A compressed sensing (CS)-based detector is proposed for the low-density parity-check (LDPC) coded single carrier frequency division multiple access (SC-FDMA) scheme. The proposed CS-based detector can be employed at the receiver of LDPC-coded SC-FDMA systems for efficient image communications over vehicular channels. The proposed detector employs a suitable sparse recovery algorithm. We have considered both the discrete Fourier transform (DFT)-based and the discrete cosine transform (DCT)-based SC-FDMA for mitigating the channel-induced dispersion at a low peak to average power ratio (PAPR). Additionally, both the linear equalizer (LE) and the decision feedback equalizer (DFE)-based SC-FDMA have been considered for image communication. The performance of the proposed technique is investigated using a number of image quality metrics. The qualities of the received images are also compared visually. The complexity of the proposed detector and that of the benchmark detectors are quantified. Furthermore, the performance and the complexity of the proposed system using some of the sparse recovery techniques are investigated and compared. Our simulations demonstrate that LDPC coded SC-FDMA using the compressed sampling matching pursuit (CoSaMP)-based CS detector can significantly improve the performance of image communication over vehicular channels.

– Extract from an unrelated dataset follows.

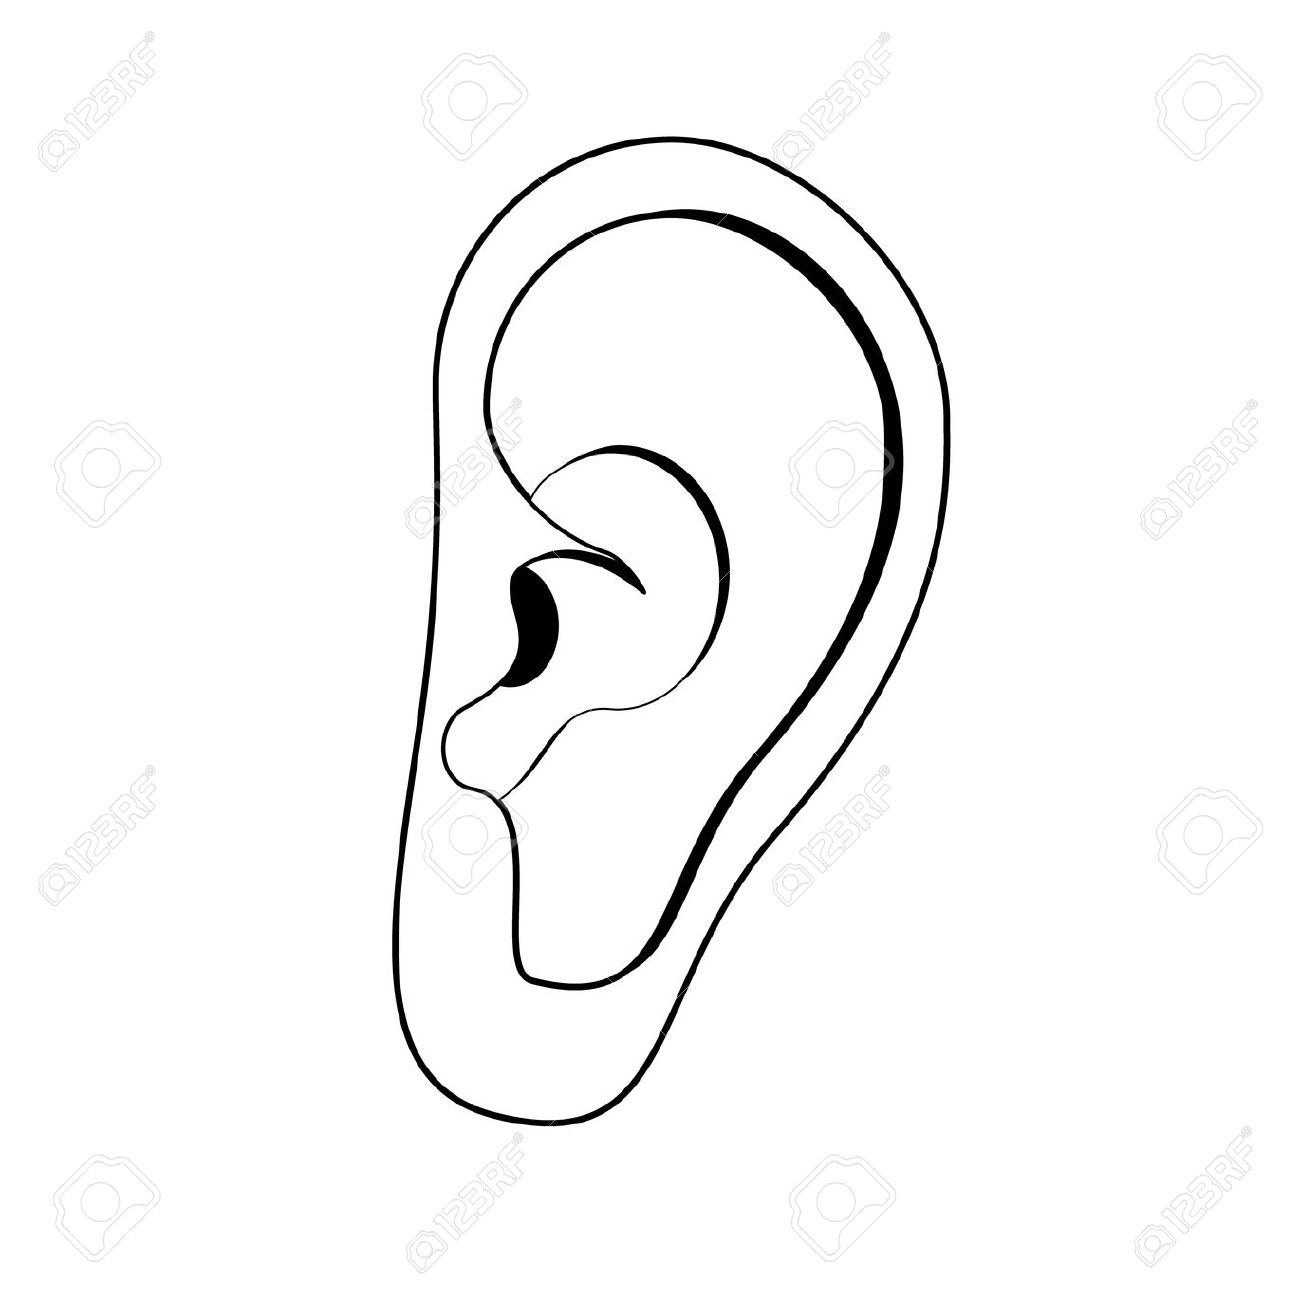 1300x1300 Raster Illustration Of Human Ear. Ear Icon, Symbol. Deaf, Ear

针对低密度奇偶校验 (LDPC) 编码的单载波频分多址 (SC-FDMA) 方案提出了一种基于压缩感知 (CS) 的检测器。所提出的基于 CS 的检测器可用于 LDPC 编码的 SC-FDMA 系统的接收器，以通过车辆通道进行有效的图像通信。所提出的检测器采用了合适的稀疏恢复算法。我们已经考虑了基于离散傅里叶变换 (DFT) 和基于离散余弦变换 (DCT) 的 SC-FDMA，用于在低峰均功率比 (PAPR) 下减轻信道引起的色散。此外，基于线性均衡器 (LE) 和判决反馈均衡器 (DFE) 的 SC-FDMA 都已被考虑用于图像通信。使用许多图像质量指标来研究所提出技术的性能。接收到的图像的质量也在视觉上进行比较。提出的检测器和基准检测器的复杂性被量化。此外，研究和比较了使用一些稀疏恢复技术的建议系统的性能和复杂性。我们的模拟表明，LDPC 编码的 SC-FDMA 使用基于压缩采样匹配追踪 (CoSaMP) 的 CS 检测器可以显着提高车辆通道上图像通信的性能。